◆ Material provided

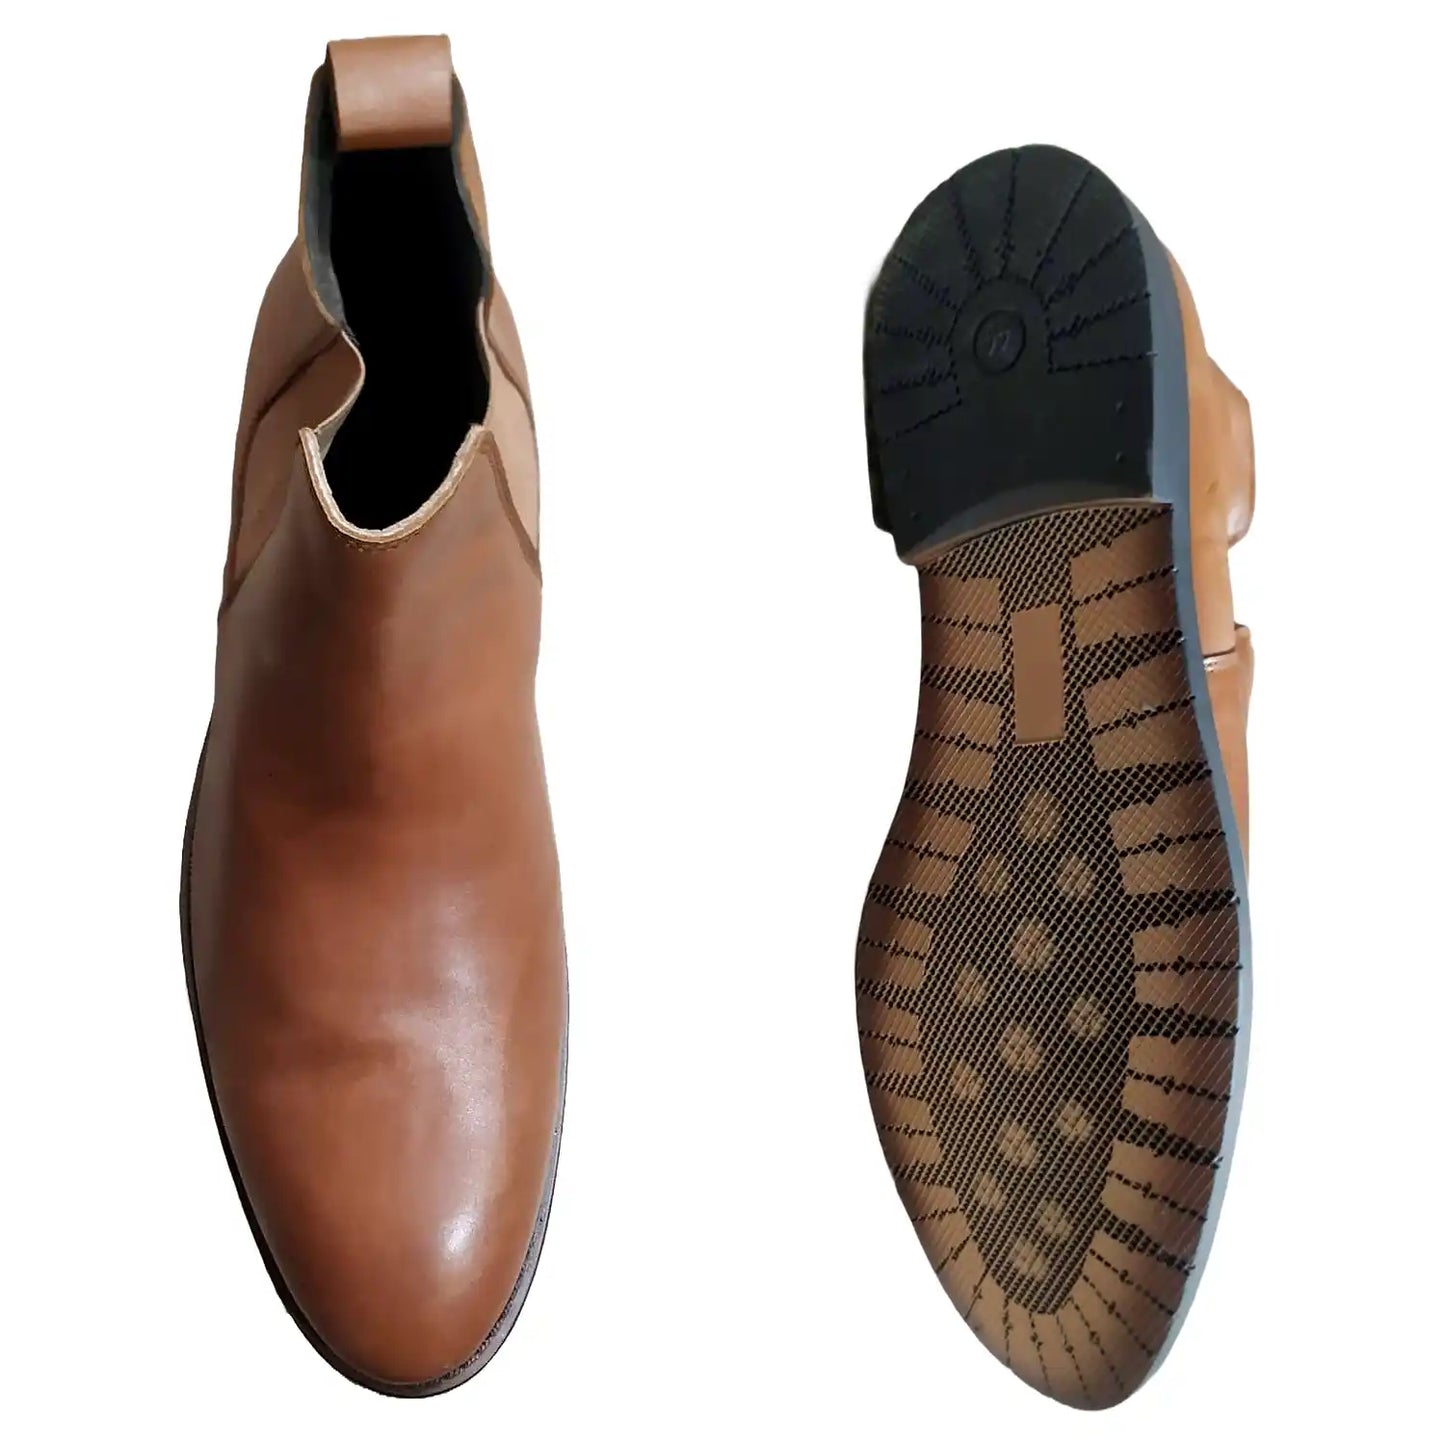 Men's Chelsea Pure Leather (Full Grain) Boots
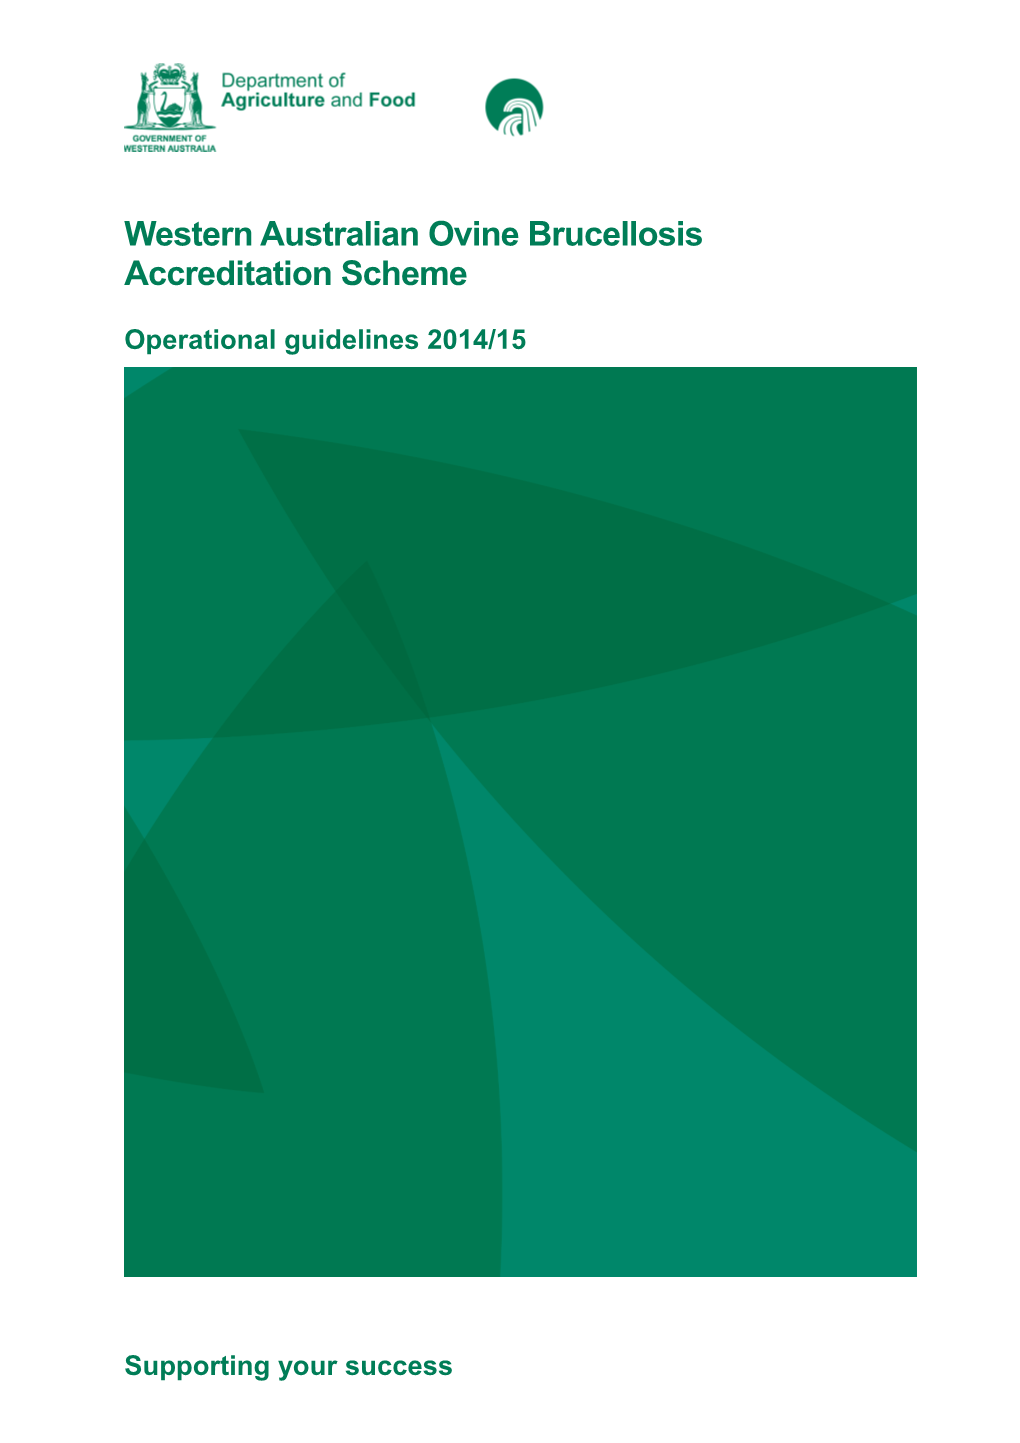 Western Australian Ovine Brucellosis Accreditation Scheme
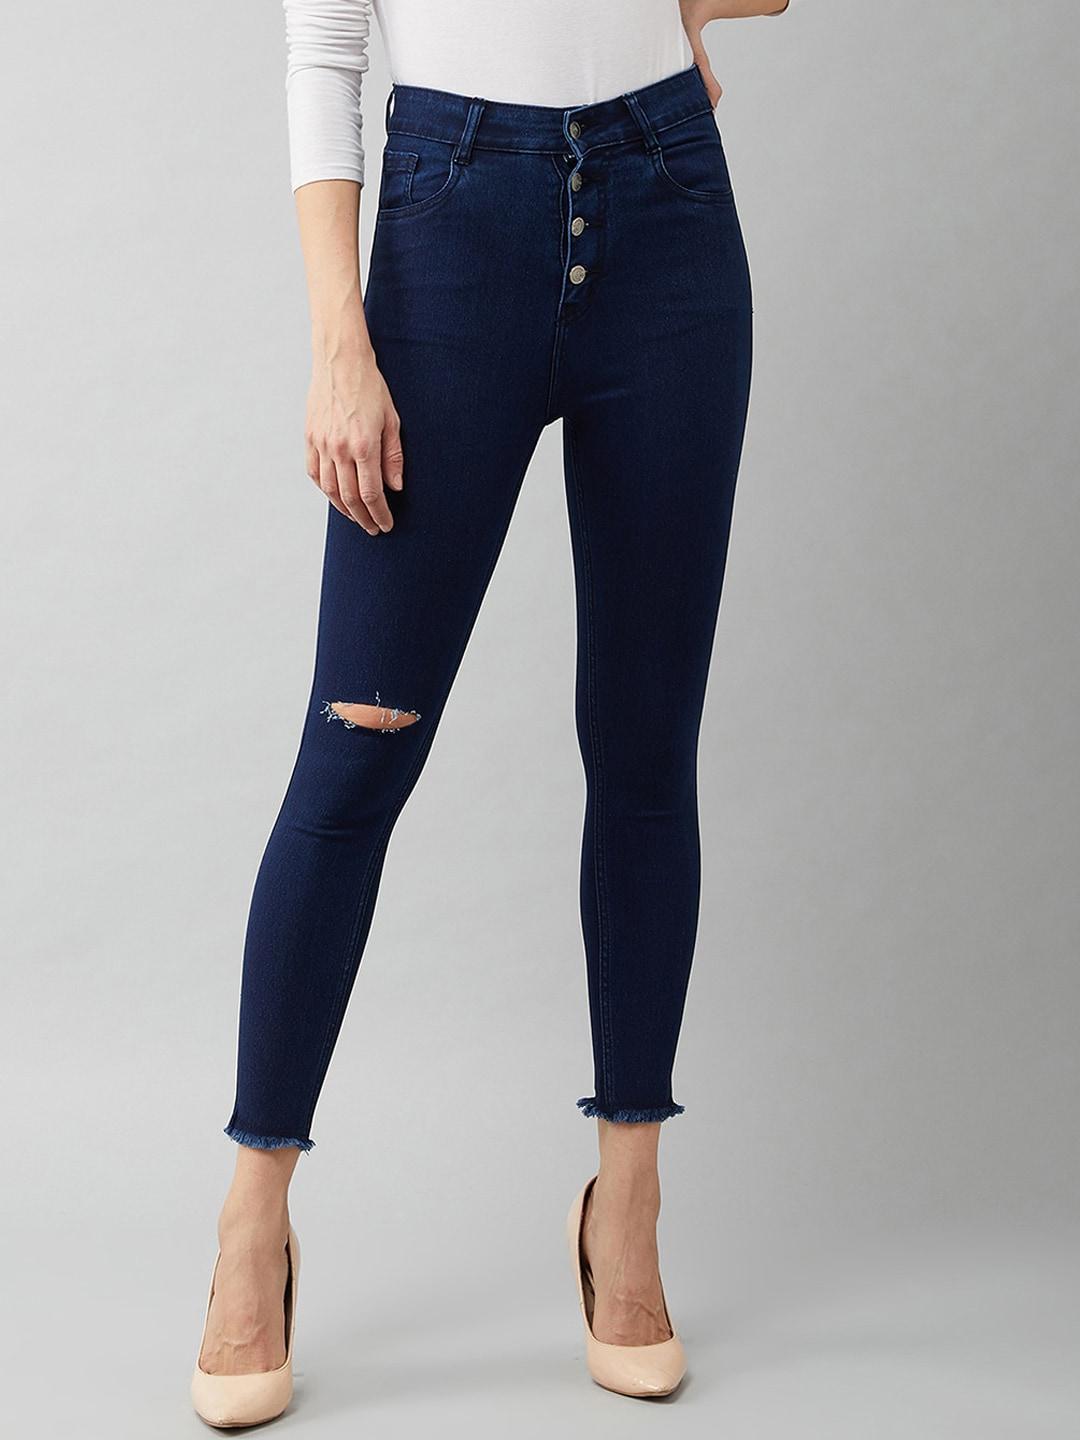 DOLCE CRUDO Women Navy Blue Skinny Fit High-Rise Slash Knee Stretchable Jeans

◆ Work item
In your reply, every line of the material should appear exactly as written, and no picture should.

◆ Answer box
 Men's Chelsea Pure Leather (Full Grain) Boots
 Western Australian Ovine Brucellosis Accreditation Scheme
 DOLCE CRUDO Women Navy Blue Skinny Fit High-Rise Slash Knee Stretchable Jeans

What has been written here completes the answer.